Sunday, June 1

Sunday

My damned headache is mostly gone. As long as I don't spin my head around or rise or bend too quickly, everything seems fairly normal. My eye sockets are sore but my head is not. Thank you for all the well wishes.
I just spent the morning on my front porch, rocking. Overweight cat in lap, sprawled from my tummy to my knees. He is so tolerant of me. I picked him up and hugged him. Clearly he did not enjoy this, but he looked at me as if to say, "Okay, I let you do this because I love you." Then I turned him around and held him in the croook of my arm like a baby. I rubbed his tummy and kissed his nose. I love you but not that much, he said, and his eyes darted from side to side as he planned an escape. I realized his diilemma and released him before he excaped, because a rejection from your own cat is just too humiliating.
We had a yardsale yesterday and my gf who is also a writer shared our yard with us. She lives in a charming house at the end of the street and yard sale ppl tend to like the center of the neighborhood, not the ends. She has a charming picket fence, and yard sale ppl seem hesitant to open the gate. Most everything about her is charming, and I enjoy time with her.
She had two wicker chairs for sale and would not budge on the price. Two for $65. Yard sale ppl tried to bargain her down, only the yard sale ppl with taste, as these chairs are really quite charming, but she would not budge. These are good chairs, quite charming, and really worth $65. In the end no one bought them and she loaded them up in her car and went home. A moment later she returned. She idled her car in front of our house and called to me through her car window: You want these chairs? YES! I yelled and she just gave them to me. Last night I rearranged our porch so the wicker chairs are in protected areas, will not be rained on, and they look simply...charming.
She also gave me a paperback book written by a friend of hers. When she lived Chapel Hill she was in the same writers' group as this woman. The book is called, "A Broom of One's Own," and I finished reading it today, out on the porch with the chairs and the cat and very loud singing birds. The sun is shining and it is a perfect North Carolina spring morning.
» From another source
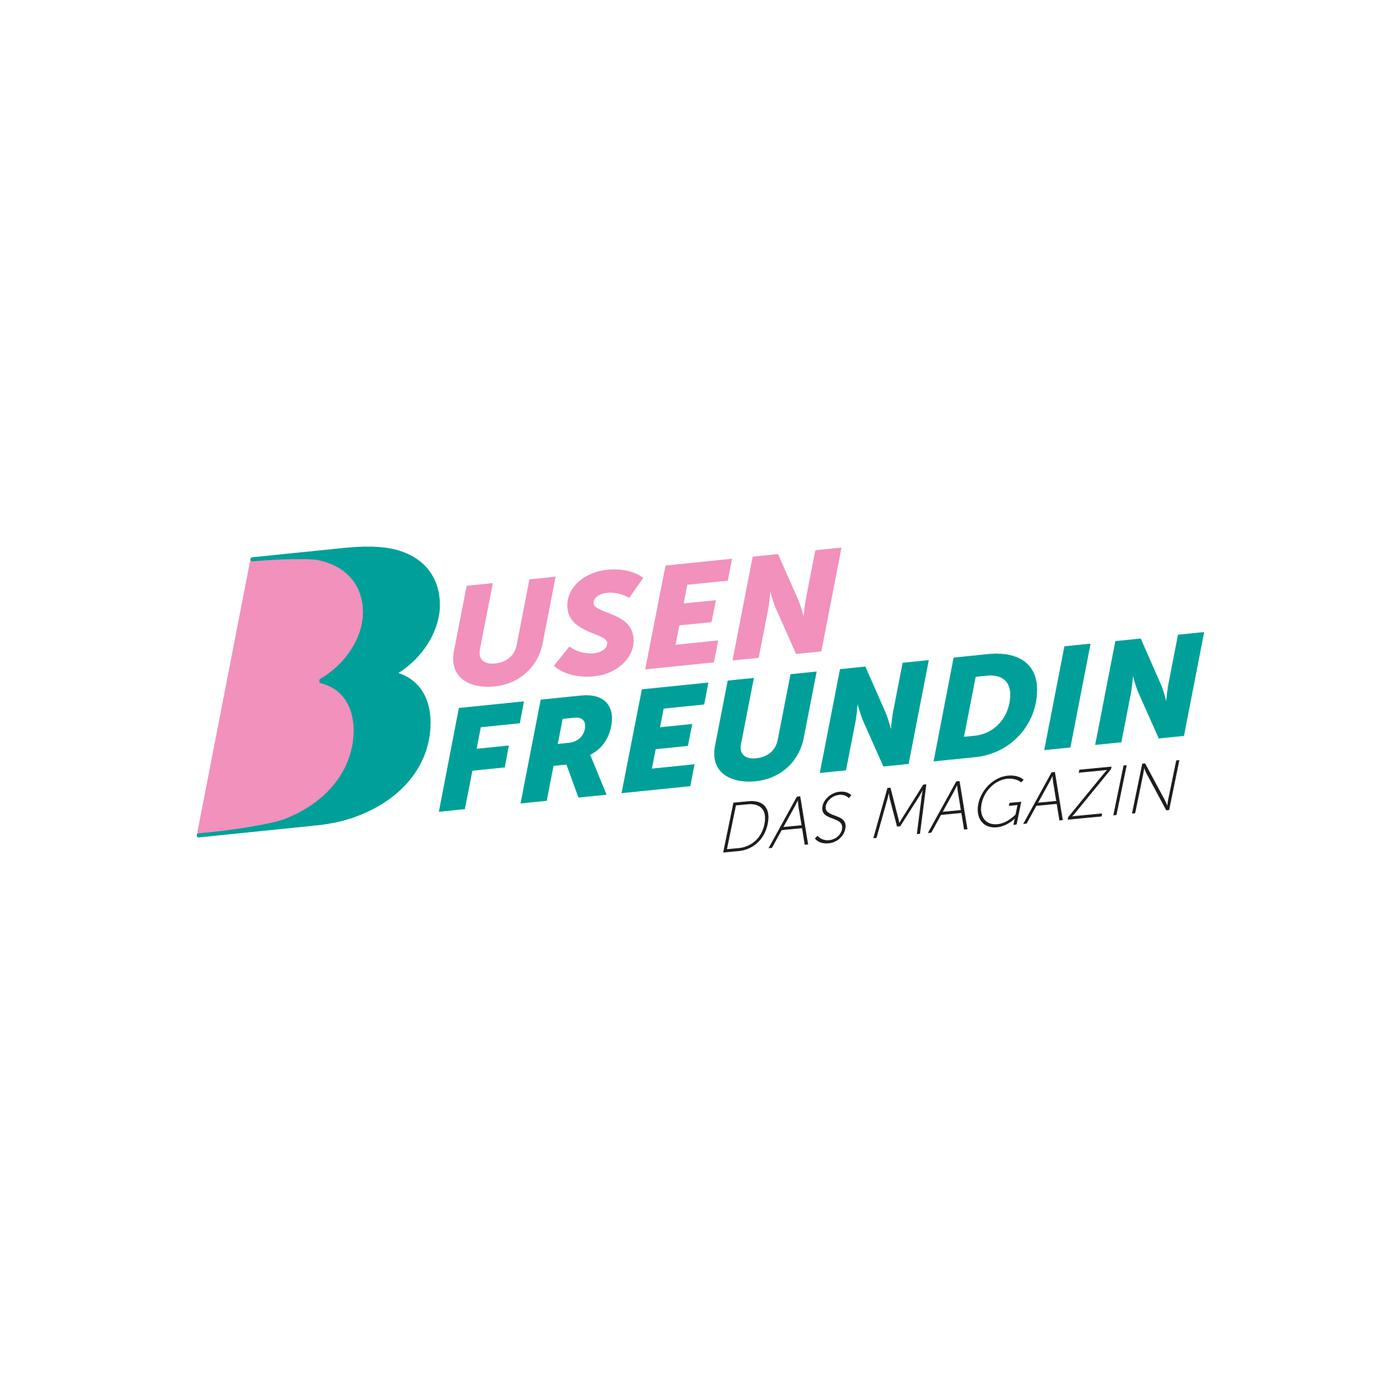 busenfreundin podcast

The book is about being a writer, about the battle between needing income and needing to write and forsaking writing for financial survival and trying to do both and finally coming to resolution with the whole thing. It is interspersed with observations of the people for whom she cleans houses, because, yes, for most of the book she cleans people's homes to make ends meet.
Her writing has a wonderful cadence and speaks to my heart. It's a short book, only 169 pages, and I finished it this morning.
I must think of something I can do for my gf. I got two very charming chairs and a book that has really made me think.